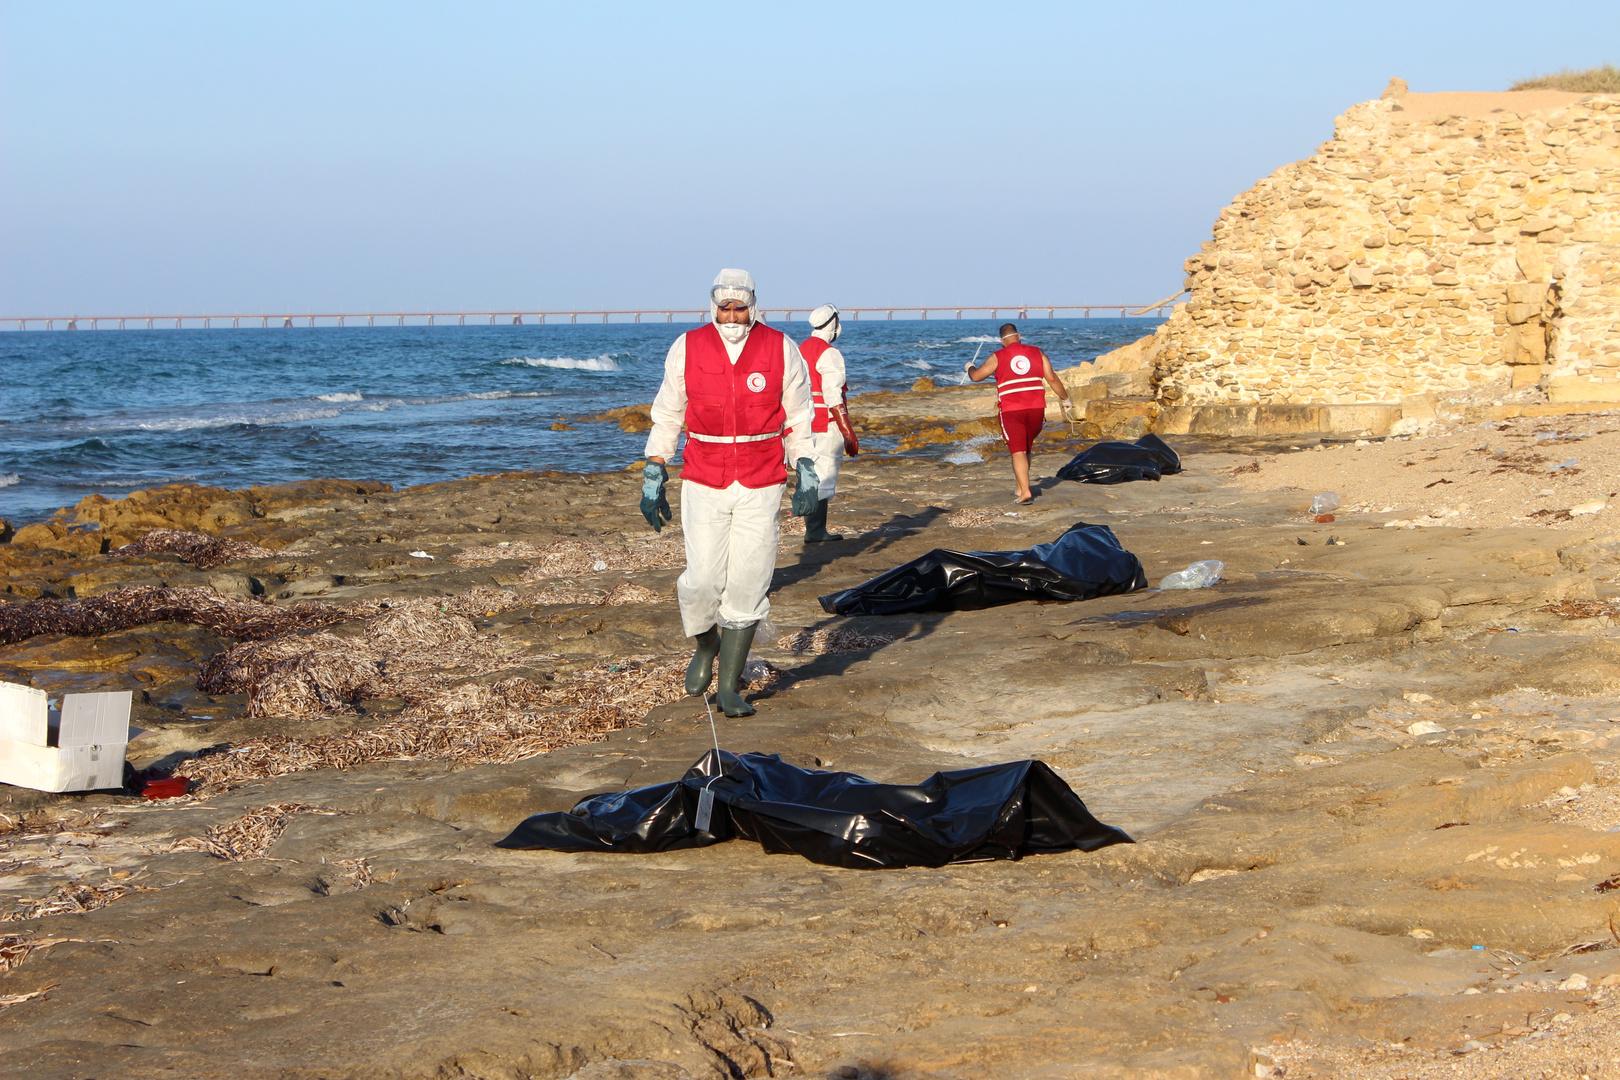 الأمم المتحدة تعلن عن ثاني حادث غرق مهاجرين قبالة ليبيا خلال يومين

--

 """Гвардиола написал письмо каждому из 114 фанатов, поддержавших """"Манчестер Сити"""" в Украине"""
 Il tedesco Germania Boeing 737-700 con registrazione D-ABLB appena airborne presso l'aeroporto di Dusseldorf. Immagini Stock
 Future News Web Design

» **Exercise**
Going back over the entries above, copy word for word every line from the one that has "Il tedesco Germania" on through the one that has "Future News Web Design".

» **Answer section**
 Il tedesco Germania Boeing 737-700 con registrazione D-ABLB appena airborne presso l'aeroporto di Dusseldorf. Immagini Stock
 Future News Web Design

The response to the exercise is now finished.